Multi-Sensor Timestamp Synchronization System
A hardware-software synchronization stack that aligns stereo thermal cameras, IMU, radar, and robot data through PTP network time, MCU-generated trigger pulses, and driver-level timestamp assignment for repeatable multi-sensor data collection.
Overview
A hardware-software synchronization stack that aligns stereo thermal cameras, IMU, radar, and robot data through PTP network time, MCU-generated trigger pulses, and driver-level timestamp assignment for repeatable multi-sensor data collection.
Details
Overview
Reliable multi-sensor fusion starts before the estimator: every thermal image, IMU sample, radar frame, and robot state has to refer to the same time base. This project builds that infrastructure as a hardware-software synchronization stack for the fireground robotics payload. It combines PTP network time, MCU-generated trigger pulses, UDP timestamp distribution, and driver-level timestamp assignment so that the recorded data streams are sensor-fusion ready.
The result is a practical synchronization platform for field-style robot sensing experiments. Instead of relying only on PC receive time or approximate software synchronization, the stack ties physical trigger events to a network-synchronized clock and propagates that timestamp into the camera and IMU data paths.
Why Custom Synchronization Was Needed
Existing LiDAR-camera trigger references are useful for understanding hardware triggering, but they do not directly cover this payload. The fireground system has stereo thermal cameras, high-rate inertial data, radar, robot telemetry, and PTP-capable network devices, all of which have different timing interfaces and transport delays. A direct copy of a LiDAR-RGB trigger layout would still leave unresolved timestamp assignment and driver integration problems.

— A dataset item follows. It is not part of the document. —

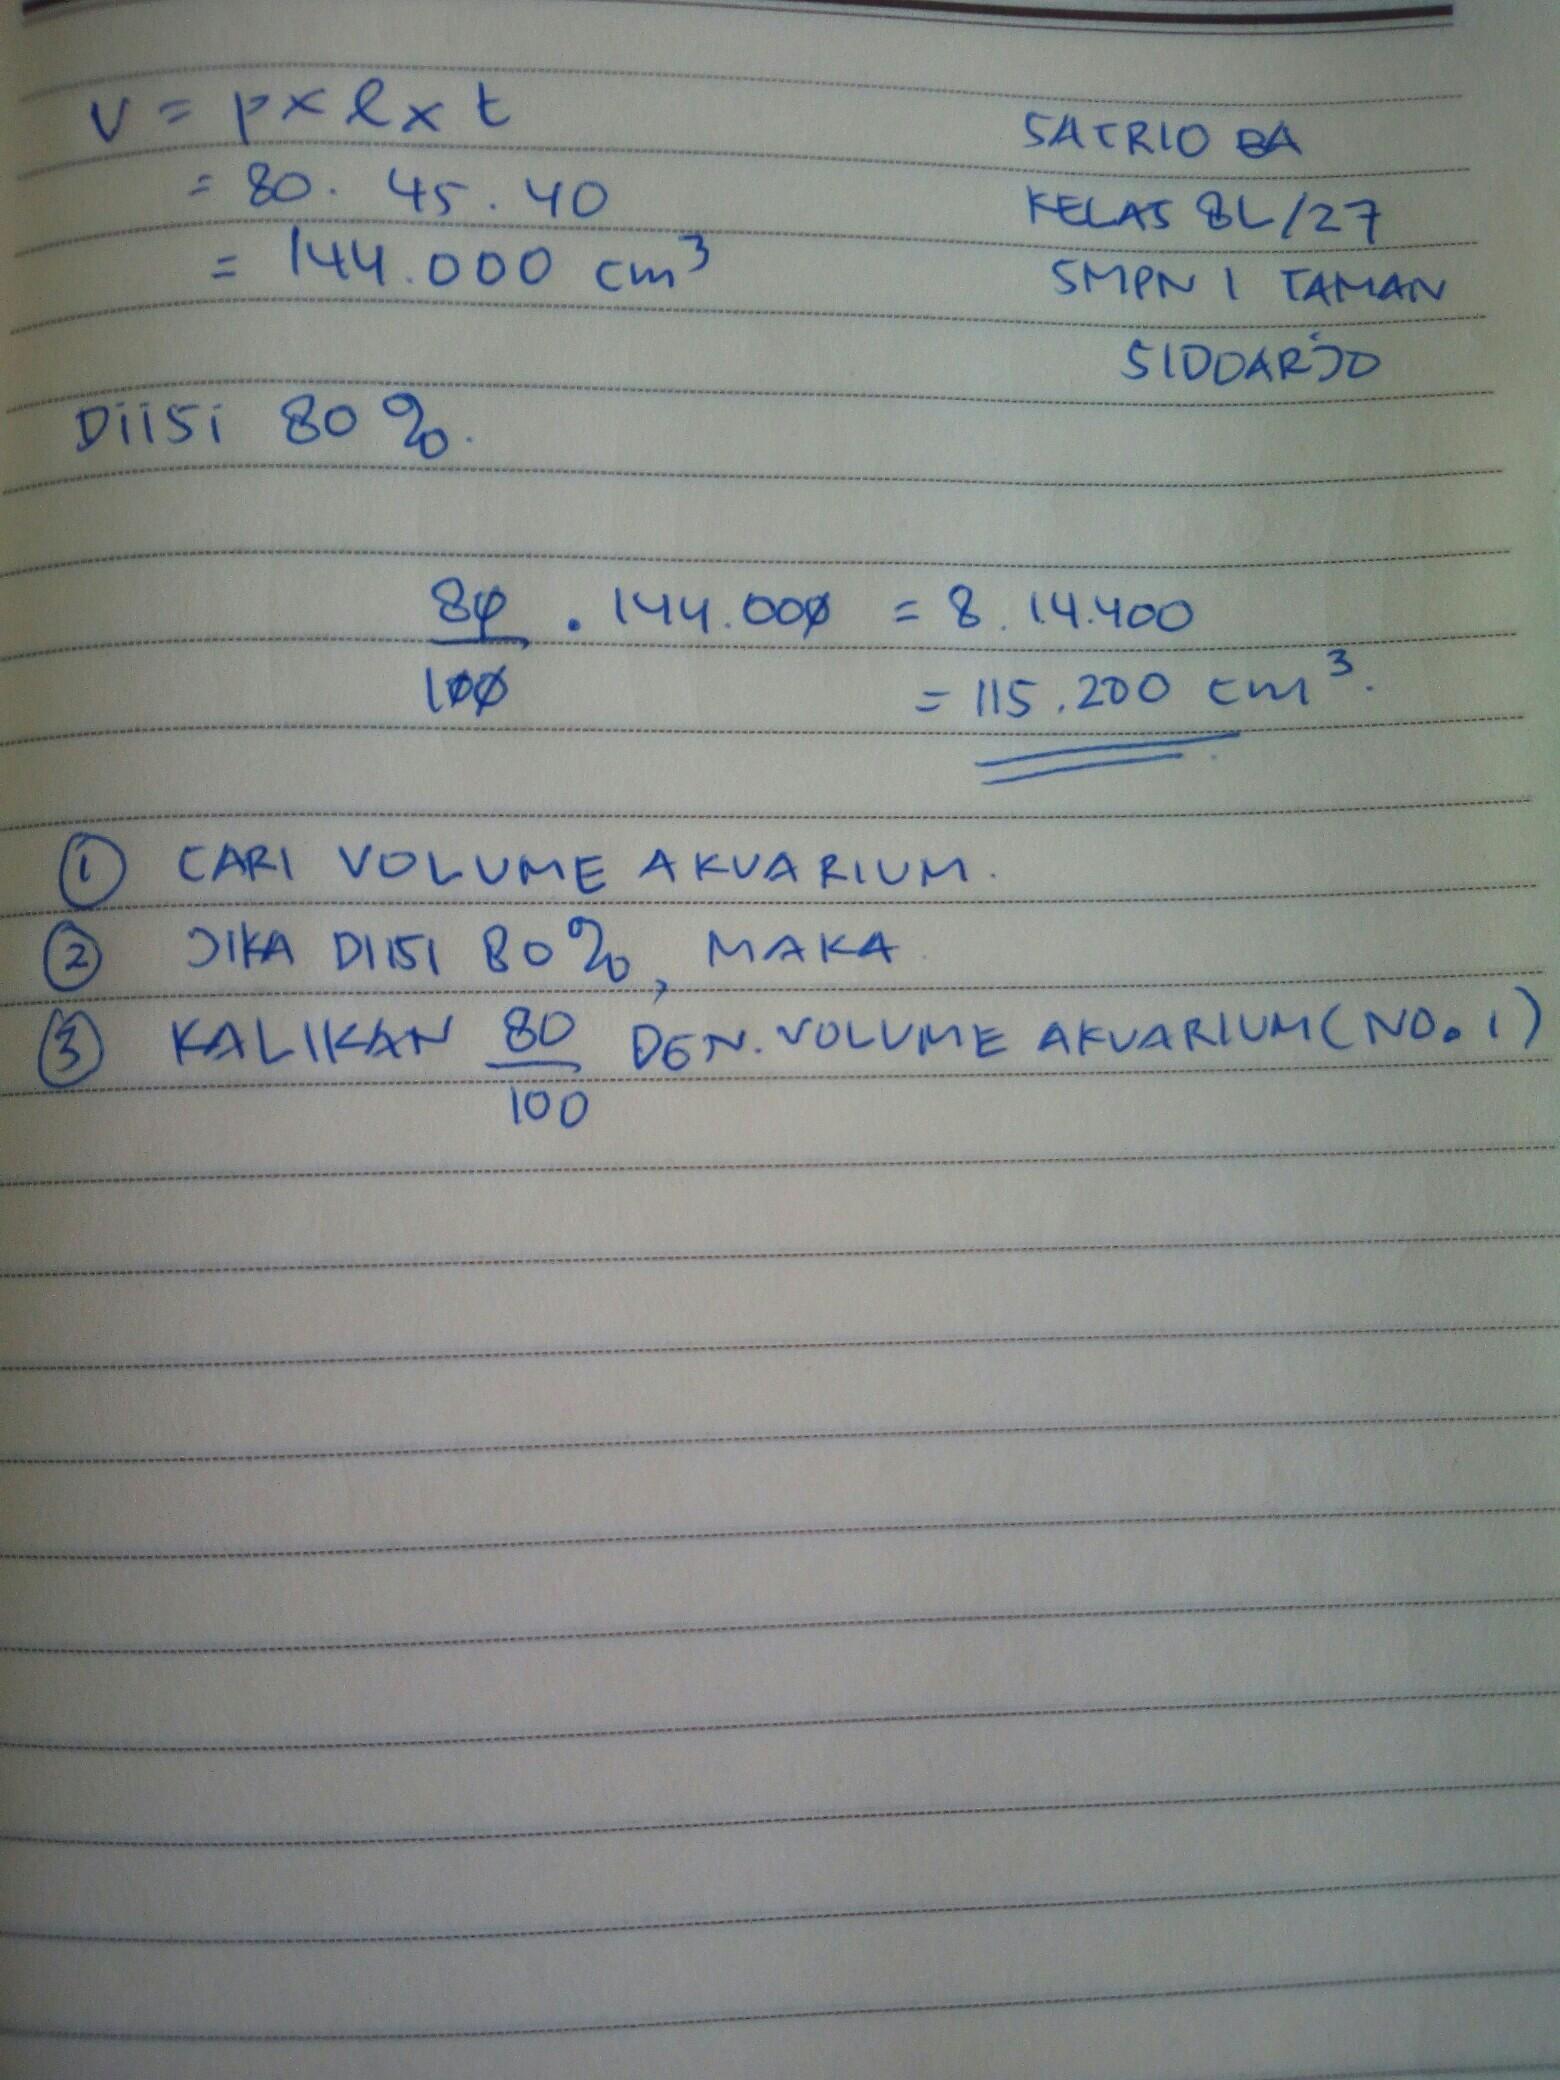 Menghitung Volume Air : menghitung, volume, Indri, Menghitung, Volume, Dalam, Aquarium, Dengan, Ukuran, Masing, Berapa, Brainly.co.id

Network Time and Trigger Distribution
The system separates clock alignment from exposure triggering. A mini-PC acts as the PTP time source, while PTP-aware devices and the MCU synchronize to the same network clock. The MCU then generates physical trigger pulses for hard-synchronized sensors and broadcasts the corresponding PTP timestamp to the computer, where a software bridge distributes the event to sensor drivers.
This design gives each sensor the synchronization path it can actually support. Cameras can use hardware trigger pins for exposure timing. The IMU can use SyncIn count changes and interpolation against trigger events. PTP-capable devices can remain aligned through the network clock. The software layer then converts these heterogeneous timing signals into consistent ROS message timestamps.
Timing Logic
The timing path is built around the trigger event rather than the data arrival event. On each 25 Hz cycle, the MCU emits a hardware pulse and sends the PTP timestamp of that trigger. Image data may arrive later because of exposure and transport delay, but the driver can stamp the image with the trigger time rather than the PC receive time. For high-rate IMU data, trigger counts define synchronization frames and intermediate samples are assigned by interpolation.
Embedded Trigger Hardware
The embedded side is implemented on an STM32H743-class Ethernet MCU board. The firmware combines PTP/gPTP synchronization, GPIO trigger generation, UDP event broadcast, and persistent network configuration. The board acts as a bridge between the network clock and electrical trigger interfaces, making the timing system deployable with the robot payload rather than only on a lab bench.
Payload Integration
The synchronization stack is designed around the mobile fireground sensing platform, not as a standalone timing demo. The same payload carries the sensing, compute, thermal protection, and robot interface needed for field data collection. By aligning timestamps at the acquisition level, the system makes multi-sensor experiments easier to replay, compare, and debug.
The implementation spans embedded firmware, a trigger-event bridge, and adapted sensor drivers for the thermal cameras and IMU. The important contribution is the system boundary: hardware timing, network time, and software timestamps are treated as one pipeline, so the recorded sensor streams are aligned at acquisition time rather than patched afterward.